In an interim update to the markets covering the 19 weeks to January 10, the company said each of its three main divisions was operating in line with expectations.
The firm said its food division, which includes its newly invested Fife operation, was trading ahead of the previous year.
“The Kirkcaldy mill is continuing to deliver the operational and commercial benefits that were demonstrated in the results for the year ended August 30, 2014,” Carr’s said.
“Flour sales volumes are higher than last year but, as a result of lower wheat prices, revenue is lower.
“The quality of flour, food safety and service levels are benefiting the business.
“Against a backdrop of ongoing volatility in wheat markets, Carr’s continues to benefit from long-term established relationships with our customers, and remains positive about the performance of the division for the remainder of the financial year.”

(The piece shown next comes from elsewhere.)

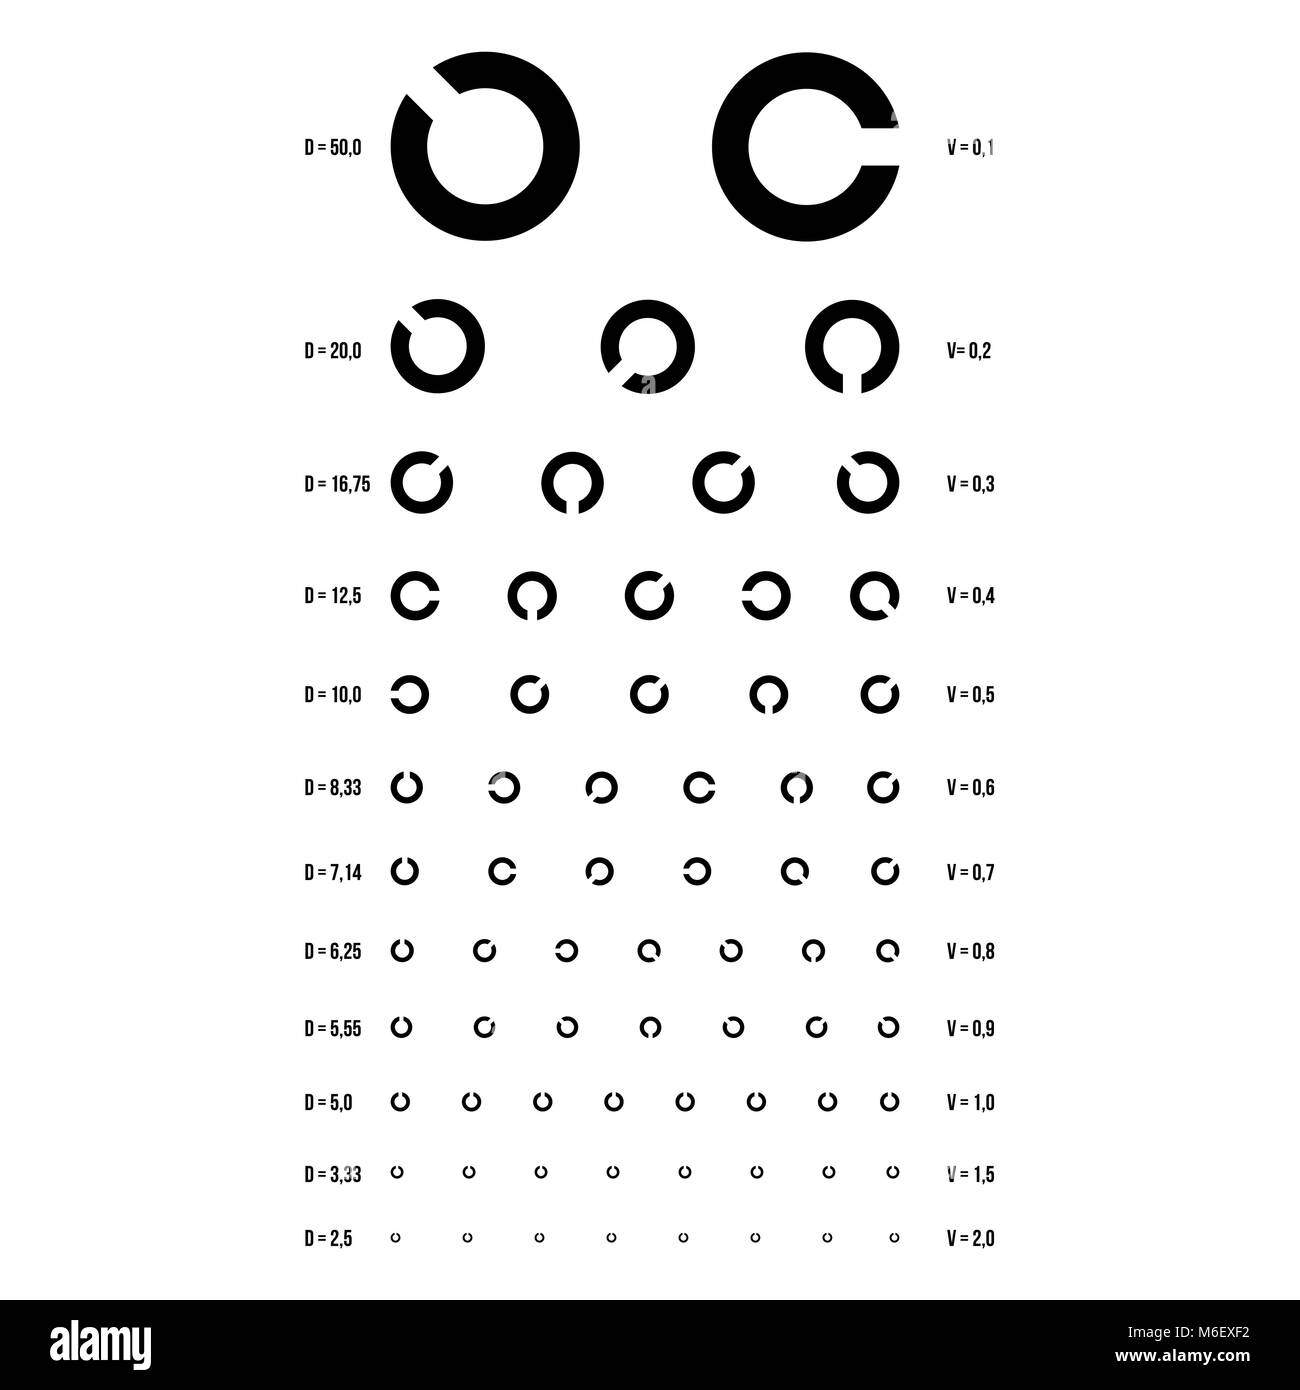 Eyesight Measurement Chart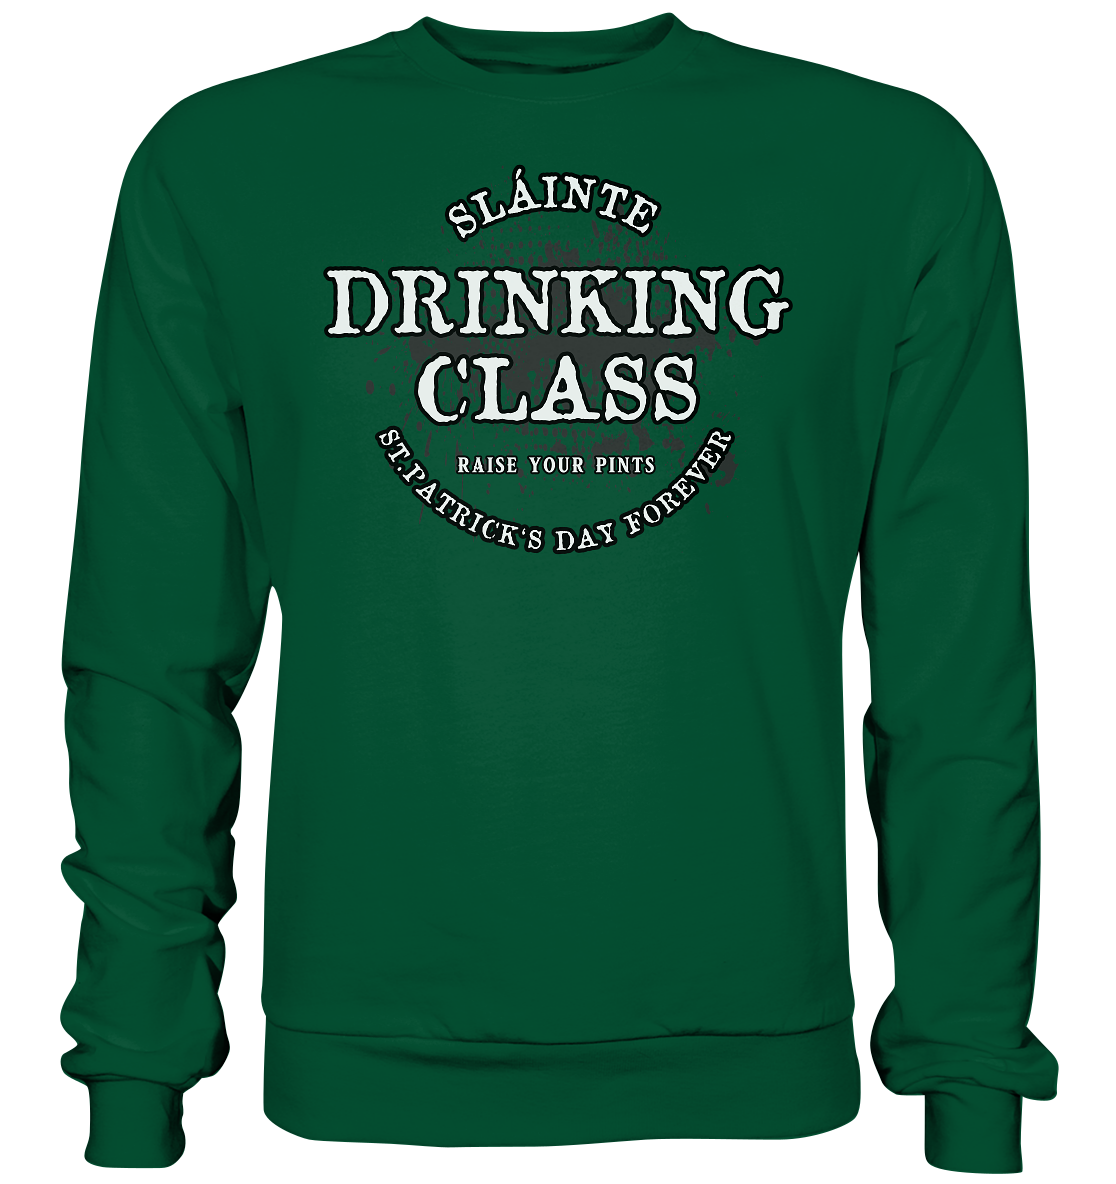 Drinking Class "St.Patrick's Day Forever" - Basic Sweatshirt

The firm said its agricultural operation in the UK had been impacted by a combination of the mild autumn, slow start to winter and declining farm incomes due to the falling milk price.
Animal feed sales were on a par with the previous year but the retail business performed well, with sales up on 2013.
Carr’s said its engineering division was trading as anticipated, with MSM enjoying a strong start to the year and Bendalls working to near capacity on a major pressure vessel supply contract for BP’s Shah Deniz gas pipeline in Azerbaijan.
Shareholders were brought up to speed with developments at the company’s annual meeting yesterday.
All resolutions proposed at the AGM went through, and authorisation was granted for a share division scheme which will see ordinary shares of 25p subdivided into 10 new shares of 2.5p each.
The group said its financial position remained strong, although net debt had climbed to £30.4m by November 29 from £24.6m at August 30.
Carr’s said that cash outflow since the year end was due to the seasonal working capital increases in the agriculture businesses.
“We are encouraged by Carr’s performance to date in the current financial year,” chief executive Tim Davies said.
“Whilst the sectors in which Carr’s operates are experiencing challenging times due to a variety of external factors, the group’s geographical spread, investment in assets, and ongoing commitment to innovation continue to support the group’s development.
“We remain confident in the long-term success of the group, and the board’s expectations for the full year remain unchanged.”
Shares in Carr’s closed down 27p or 1.69% at 1,570p yesterday.